Técnico do sub-20 do Tigre destaca desafios do gramado sintético, força do Náutico e processo de crescimento da base
Às vésperas da estreia na Copa São Paulo de Futebol Júnior, o técnico do sub-20 do Novorizontino, Jean Rodrigues, projetou o início da campanha do Tigre na edição 2026 da competição, em entrevista exclusiva ao Tudo Sobre Paulista. Inserido no Grupo 24, com sede em Itaquaquecetuba, o treinador reconheceu as dificuldades do chaveamento e ressaltou o caráter imprevisível da Copinha.
“A Copinha tem essa peculiaridade. A gente fica na expectativa ruim, porque sabe que todo grupo é difícil. É uma competição única, que dá visibilidade para muitas equipes do Brasil. Em qualquer grupo que nós caíssemos, a dificuldade seria a mesma”, afirmou.
Além dos adversários, Jean destacou o desafio extra de atuar em gramado sintético, algo pouco habitual na rotina do clube.
“O que a gente gostaria era que não fosse no sintético, mas acabou caindo no sintético. Então, a dificuldade é ainda maior do que nós já sabíamos que seria um grupo bastante difícil”, explicou.
Segundo o treinador, apesar de uma tentativa pontual de adaptação, não há como simular totalmente as condições.
“A gente teve um jogo na semana passada num sintético, mas é sempre difícil. A preparação toda é feita no campo natural. O tempo da bola, a maneira de passar, de receber, tudo isso faz muita diferença. Não é fácil, mas é uma realidade e a gente tem que saber enfrentar.”
Na análise dos adversários, Jean admitiu as limitações no processo de scout, especialmente em relação ao Juventude do Maranhão, mas reforçou o foco inicial no Náutico, primeiro rival da chave.
“A gente foca mais na questão do nosso primeiro adversário. Depois, com uma partida antes ou depois, a gente consegue buscar mais informações dos outros times”, disse.
Sobre o duelo diante do Náutico, campeão pernambucano sub-20, o treinador vê o confronto como parte natural do processo de amadurecimento do clube.
“A gente entende que é uma realidade. Não tem como escolher adversário. Uma equipe que quer crescer precisa enfrentar times desse nível. Esses jogos elevam a competitividade e ajudam no crescimento dos atletas”, afirmou.
Jean também contextualizou o bom momento recente da base do Novorizontino, que teve campanhas de destaque nas últimas temporadas. Para ele, o sucesso gera responsabilidade, mas também reforça o caminho adotado pelo clube.
“Quando você consegue ser campeão e chegar longe em competições difíceis, as pessoas passam a olhar de outra forma.

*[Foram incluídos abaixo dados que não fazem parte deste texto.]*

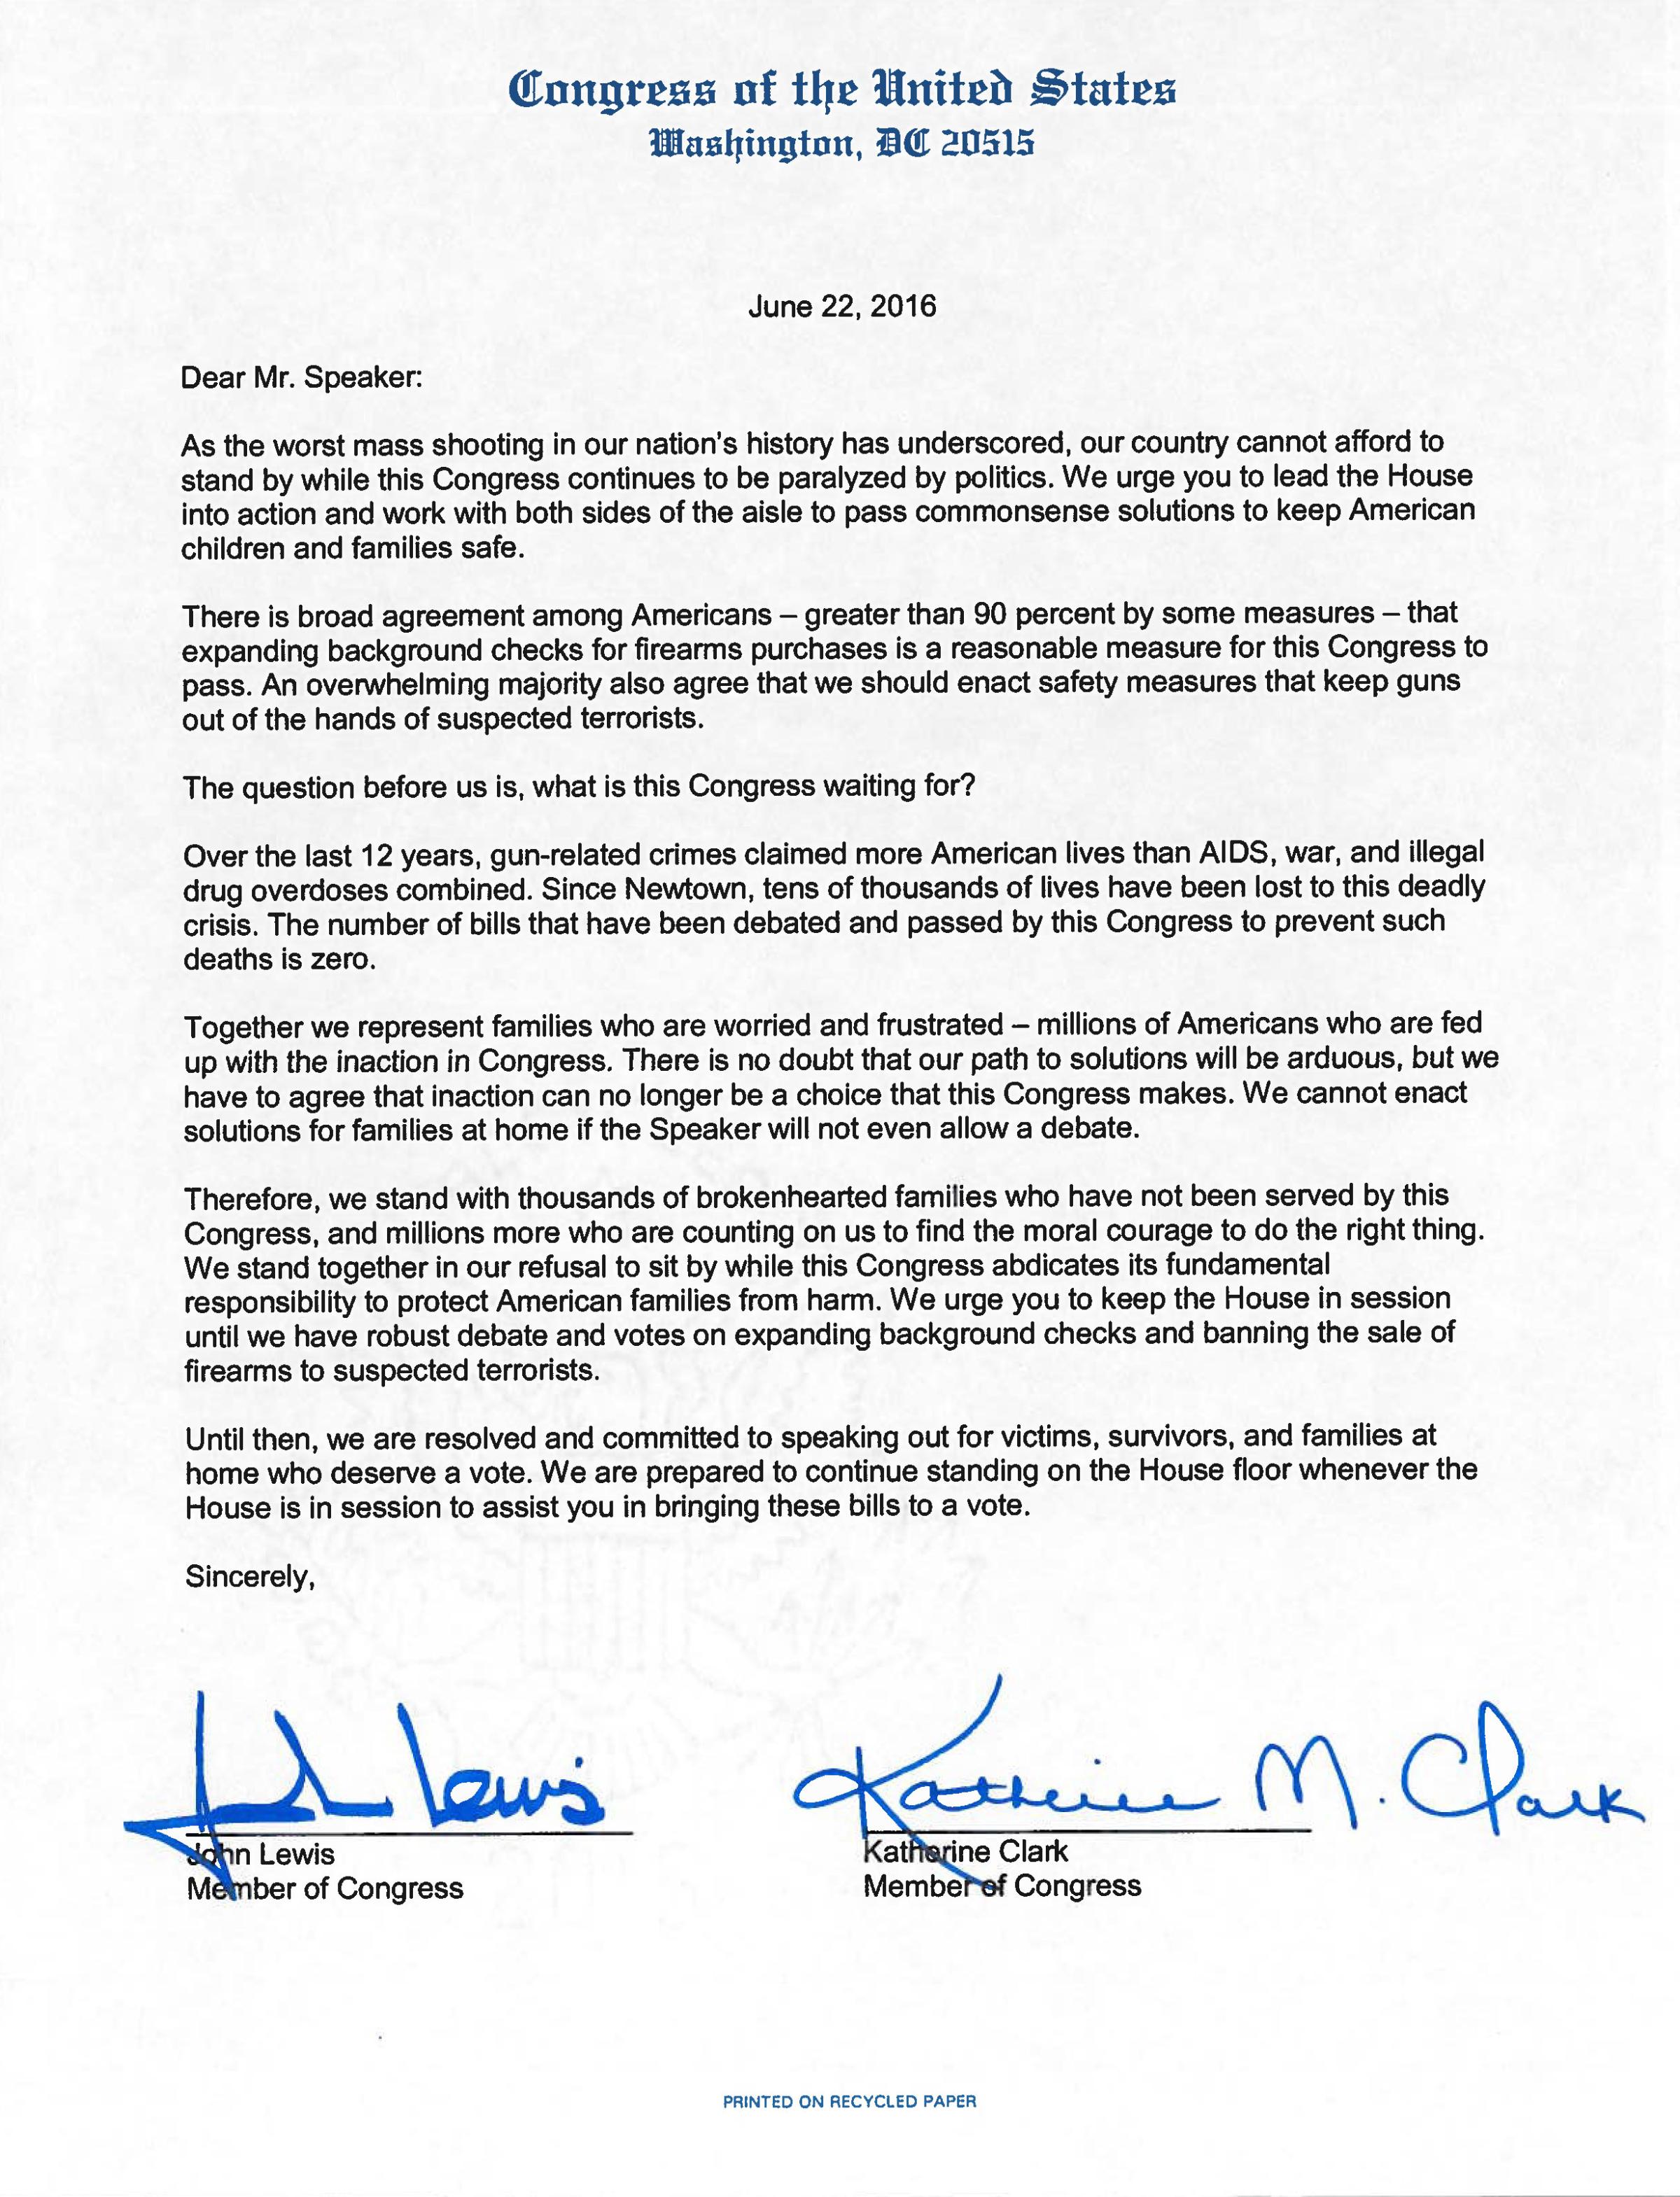 Letter delivered to Speaker Paul Ryan, June 22, 2016.

A cobrança existe, mas é uma cobrança nossa também, porque sabemos que mantendo esse nível a tendência é potencializar os atletas para o profissional.”
Por fim, o treinador reforçou que o principal objetivo da base segue sendo a formação.

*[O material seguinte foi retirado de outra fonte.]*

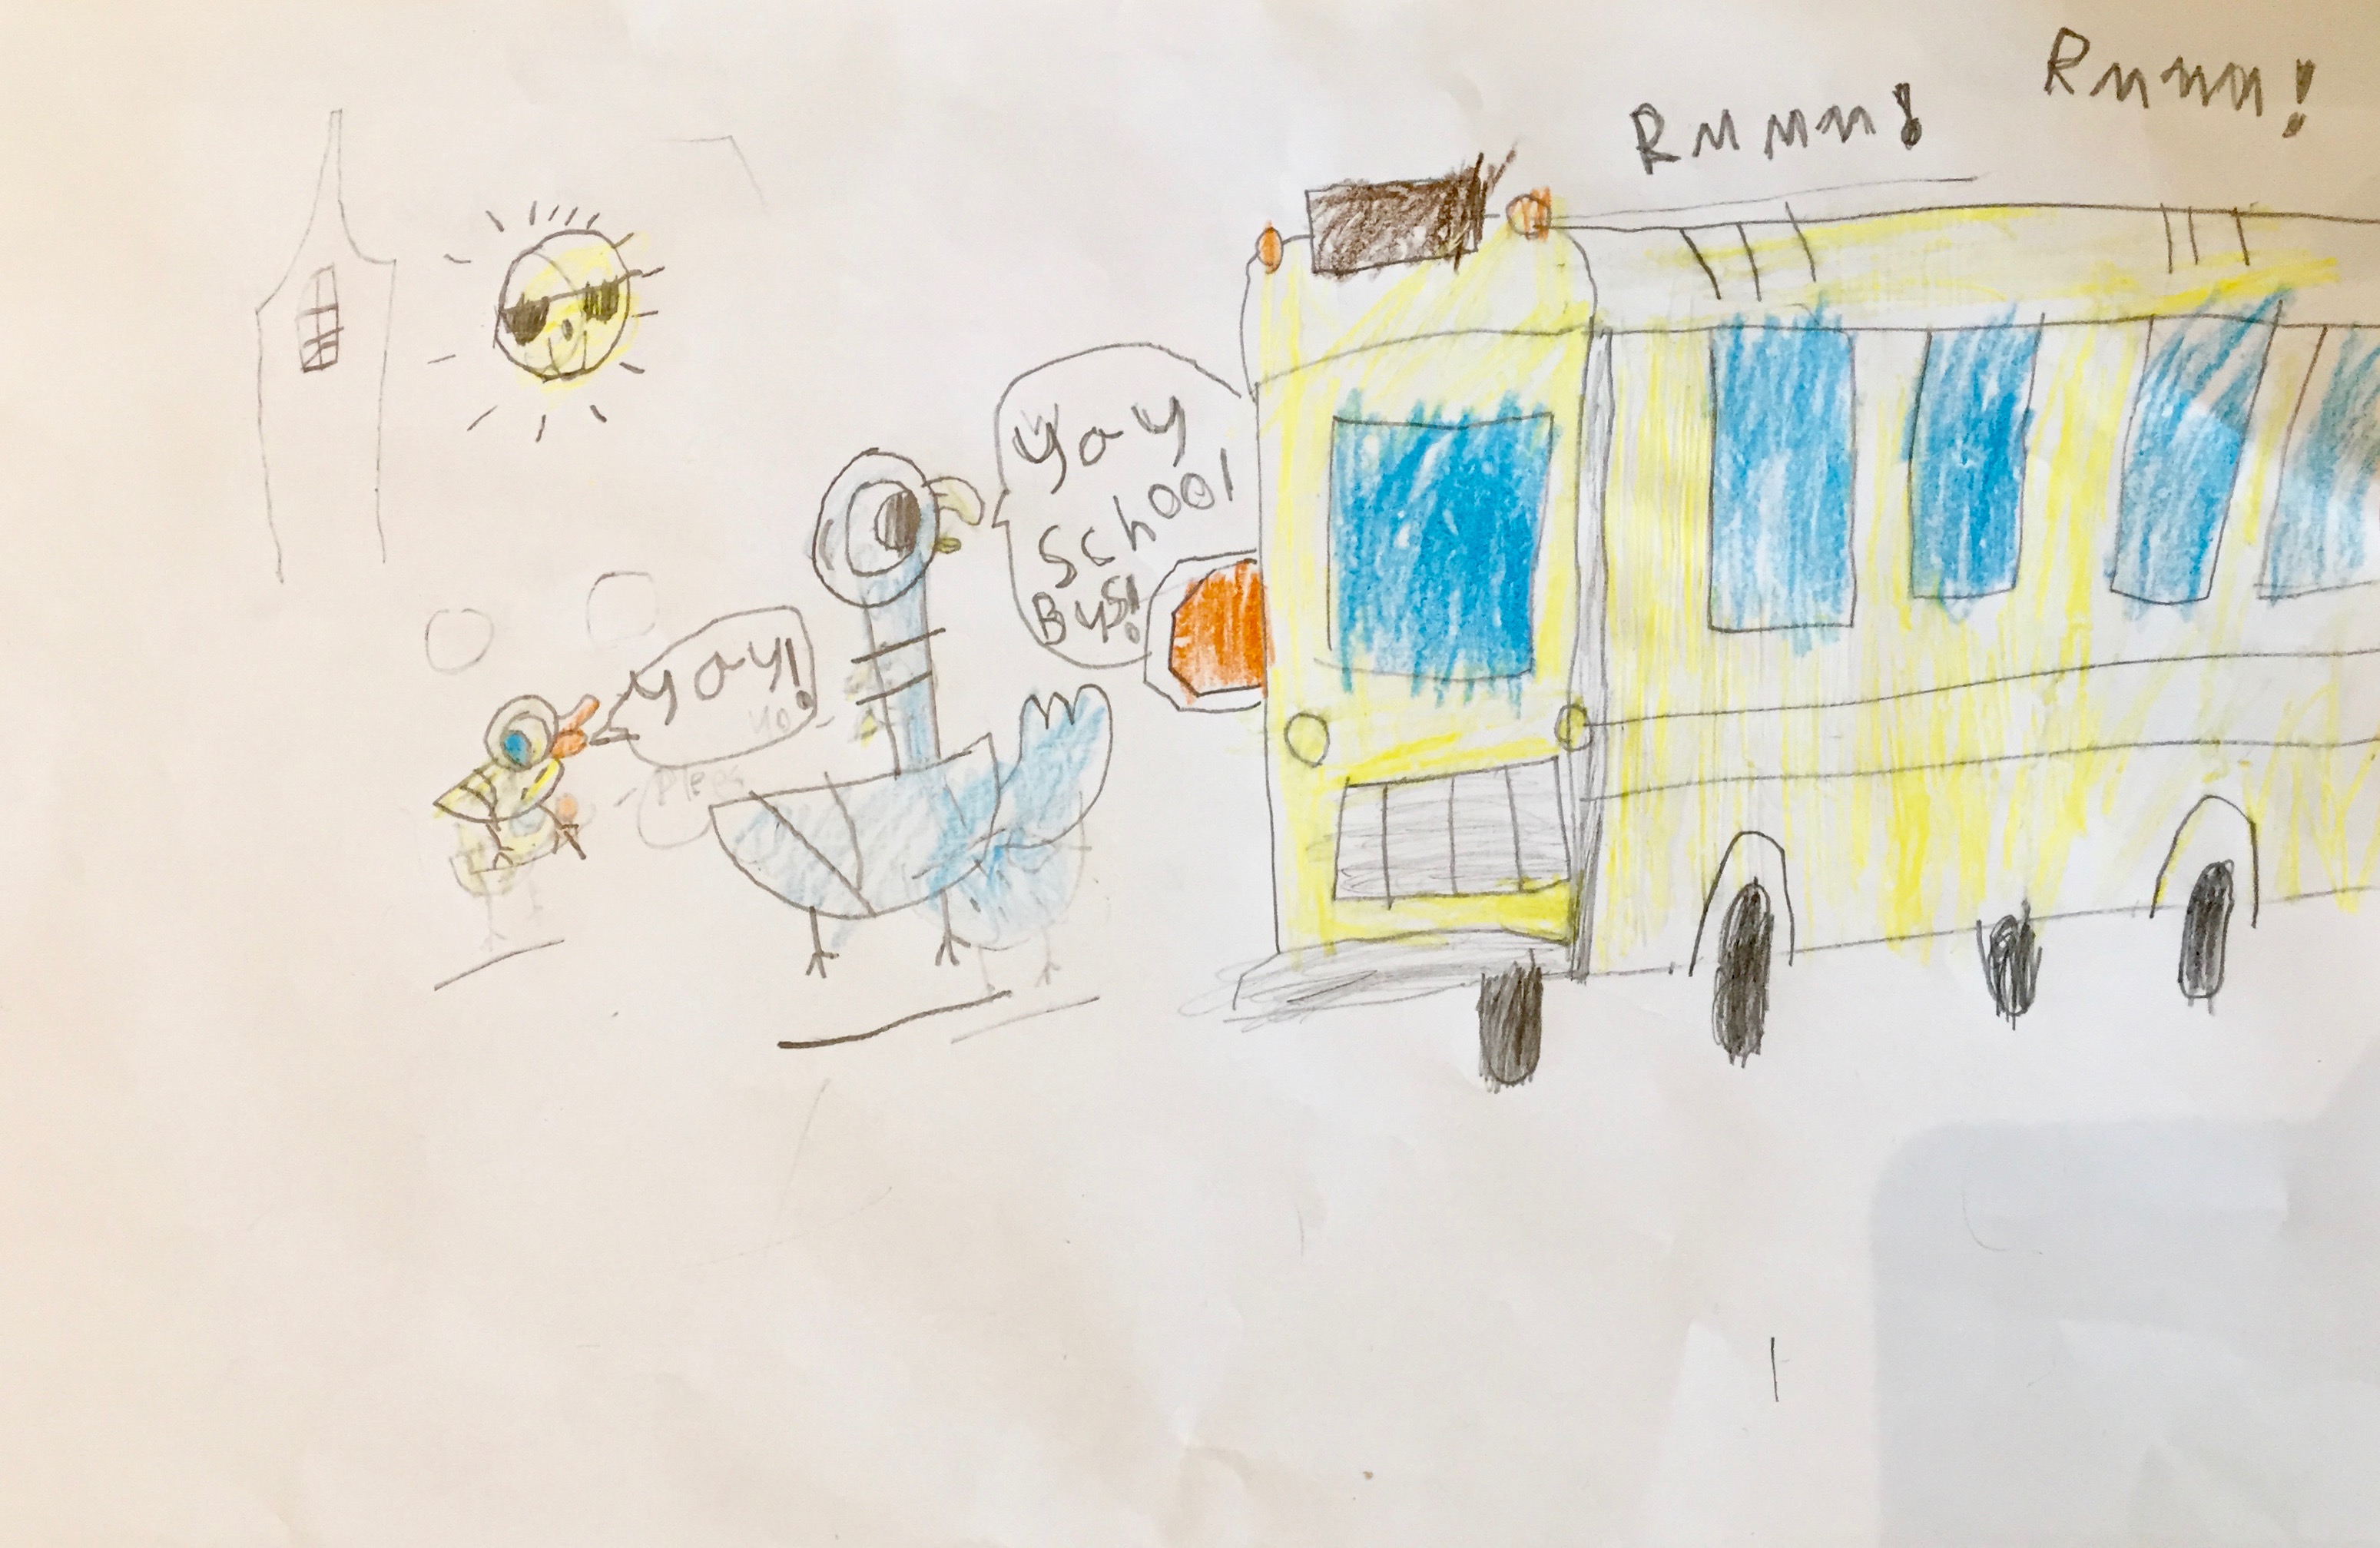 'The School Bus' by Sam (7) from Dublin

“Se conseguimos colocar sete atletas no profissional, esse é o nosso trabalho. No final das contas, eles têm que estar lá. Ver os atletas no profissional é, muitas vezes, uma conquista tão grande quanto ganhar um título.”
O Novorizontino estreia na Copinha nesta terça-feira, buscando confirmar o crescimento recente de sua base em um dos torneios mais tradicionais do futebol brasileiro.